# DATA FOR THE TASK
------
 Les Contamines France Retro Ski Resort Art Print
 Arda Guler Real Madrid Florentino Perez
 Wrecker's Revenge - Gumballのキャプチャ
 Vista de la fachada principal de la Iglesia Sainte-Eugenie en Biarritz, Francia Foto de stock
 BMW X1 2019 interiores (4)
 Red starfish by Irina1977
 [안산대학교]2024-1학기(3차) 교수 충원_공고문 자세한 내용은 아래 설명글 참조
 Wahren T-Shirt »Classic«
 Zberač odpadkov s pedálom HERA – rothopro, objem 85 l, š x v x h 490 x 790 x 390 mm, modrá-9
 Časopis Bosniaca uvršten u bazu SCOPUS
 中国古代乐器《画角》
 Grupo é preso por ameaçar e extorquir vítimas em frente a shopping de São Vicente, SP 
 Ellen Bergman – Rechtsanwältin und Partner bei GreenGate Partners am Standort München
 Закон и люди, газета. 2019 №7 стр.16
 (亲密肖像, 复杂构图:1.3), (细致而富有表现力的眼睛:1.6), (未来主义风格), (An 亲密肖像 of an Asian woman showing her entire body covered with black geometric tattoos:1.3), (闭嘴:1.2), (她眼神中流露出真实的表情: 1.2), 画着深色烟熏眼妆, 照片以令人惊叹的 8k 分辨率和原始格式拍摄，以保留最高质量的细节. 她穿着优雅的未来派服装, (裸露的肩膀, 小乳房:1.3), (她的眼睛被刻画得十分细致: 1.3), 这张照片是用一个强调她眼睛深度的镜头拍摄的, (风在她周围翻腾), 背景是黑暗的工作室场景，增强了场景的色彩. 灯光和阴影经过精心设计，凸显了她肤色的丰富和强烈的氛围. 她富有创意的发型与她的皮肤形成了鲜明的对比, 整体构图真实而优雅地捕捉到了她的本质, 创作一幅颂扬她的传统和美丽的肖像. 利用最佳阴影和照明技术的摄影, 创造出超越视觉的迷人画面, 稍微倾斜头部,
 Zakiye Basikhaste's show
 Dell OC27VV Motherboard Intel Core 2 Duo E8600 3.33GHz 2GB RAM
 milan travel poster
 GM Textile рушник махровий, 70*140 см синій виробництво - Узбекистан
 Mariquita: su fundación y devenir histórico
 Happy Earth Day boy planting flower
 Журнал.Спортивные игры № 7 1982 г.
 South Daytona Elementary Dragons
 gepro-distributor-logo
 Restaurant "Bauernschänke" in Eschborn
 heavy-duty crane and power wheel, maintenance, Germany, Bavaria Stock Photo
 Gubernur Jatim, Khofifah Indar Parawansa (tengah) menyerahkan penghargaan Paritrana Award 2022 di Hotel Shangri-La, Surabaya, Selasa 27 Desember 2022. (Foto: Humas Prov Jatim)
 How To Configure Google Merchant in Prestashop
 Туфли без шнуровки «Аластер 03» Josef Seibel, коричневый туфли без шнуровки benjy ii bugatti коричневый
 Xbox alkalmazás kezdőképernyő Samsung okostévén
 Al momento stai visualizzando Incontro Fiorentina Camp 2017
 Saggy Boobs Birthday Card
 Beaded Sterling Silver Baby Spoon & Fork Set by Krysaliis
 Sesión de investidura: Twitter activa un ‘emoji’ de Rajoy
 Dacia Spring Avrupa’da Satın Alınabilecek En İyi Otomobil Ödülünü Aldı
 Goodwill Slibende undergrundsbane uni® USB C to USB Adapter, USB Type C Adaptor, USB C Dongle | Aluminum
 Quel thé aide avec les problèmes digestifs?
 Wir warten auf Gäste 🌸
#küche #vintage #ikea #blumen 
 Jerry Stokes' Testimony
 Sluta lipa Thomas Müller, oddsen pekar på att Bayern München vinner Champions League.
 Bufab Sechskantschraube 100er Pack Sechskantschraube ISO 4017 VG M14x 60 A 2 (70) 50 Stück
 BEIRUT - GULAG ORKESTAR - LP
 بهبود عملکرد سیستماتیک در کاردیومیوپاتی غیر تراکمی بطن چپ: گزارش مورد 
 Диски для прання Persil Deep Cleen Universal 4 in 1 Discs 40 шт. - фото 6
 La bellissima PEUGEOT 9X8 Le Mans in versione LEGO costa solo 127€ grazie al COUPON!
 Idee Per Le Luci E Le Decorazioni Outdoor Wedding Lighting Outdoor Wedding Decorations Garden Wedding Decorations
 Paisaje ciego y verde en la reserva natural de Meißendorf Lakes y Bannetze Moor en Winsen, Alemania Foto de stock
------
# WHAT IS NEEDED
Copy back the listing above exactly, but only from the line with "[안산대학교]2024-1학기(3차) 교수 충원_공고문" through the line with "Sesión de investidura: Twitter", both ends included.

# RESPONSE TO THE EXERCISE
 [안산대학교]2024-1학기(3차) 교수 충원_공고문 자세한 내용은 아래 설명글 참조
 Wahren T-Shirt »Classic«
 Zberač odpadkov s pedálom HERA – rothopro, objem 85 l, š x v x h 490 x 790 x 390 mm, modrá-9
 Časopis Bosniaca uvršten u bazu SCOPUS
 中国古代乐器《画角》
 Grupo é preso por ameaçar e extorquir vítimas em frente a shopping de São Vicente, SP 
 Ellen Bergman – Rechtsanwältin und Partner bei GreenGate Partners am Standort München
 Закон и люди, газета. 2019 №7 стр.16
 (亲密肖像, 复杂构图:1.3), (细致而富有表现力的眼睛:1.6), (未来主义风格), (An 亲密肖像 of an Asian woman showing her entire body covered with black geometric tattoos:1.3), (闭嘴:1.2), (她眼神中流露出真实的表情: 1.2), 画着深色烟熏眼妆, 照片以令人惊叹的 8k 分辨率和原始格式拍摄，以保留最高质量的细节. 她穿着优雅的未来派服装, (裸露的肩膀, 小乳房:1.3), (她的眼睛被刻画得十分细致: 1.3), 这张照片是用一个强调她眼睛深度的镜头拍摄的, (风在她周围翻腾), 背景是黑暗的工作室场景，增强了场景的色彩. 灯光和阴影经过精心设计，凸显了她肤色的丰富和强烈的氛围. 她富有创意的发型与她的皮肤形成了鲜明的对比, 整体构图真实而优雅地捕捉到了她的本质, 创作一幅颂扬她的传统和美丽的肖像. 利用最佳阴影和照明技术的摄影, 创造出超越视觉的迷人画面, 稍微倾斜头部,
 Zakiye Basikhaste's show
 Dell OC27VV Motherboard Intel Core 2 Duo E8600 3.33GHz 2GB RAM
 milan travel poster
 GM Textile рушник махровий, 70*140 см синій виробництво - Узбекистан
 Mariquita: su fundación y devenir histórico
 Happy Earth Day boy planting flower
 Журнал.Спортивные игры № 7 1982 г.
 South Daytona Elementary Dragons
 gepro-distributor-logo
 Restaurant "Bauernschänke" in Eschborn
 heavy-duty crane and power wheel, maintenance, Germany, Bavaria Stock Photo
 Gubernur Jatim, Khofifah Indar Parawansa (tengah) menyerahkan penghargaan Paritrana Award 2022 di Hotel Shangri-La, Surabaya, Selasa 27 Desember 2022. (Foto: Humas Prov Jatim)
 How To Configure Google Merchant in Prestashop
 Туфли без шнуровки «Аластер 03» Josef Seibel, коричневый туфли без шнуровки benjy ii bugatti коричневый
 Xbox alkalmazás kezdőképernyő Samsung okostévén
 Al momento stai visualizzando Incontro Fiorentina Camp 2017
 Saggy Boobs Birthday Card
 Beaded Sterling Silver Baby Spoon & Fork Set by Krysaliis
 Sesión de investidura: Twitter activa un ‘emoji’ de Rajoy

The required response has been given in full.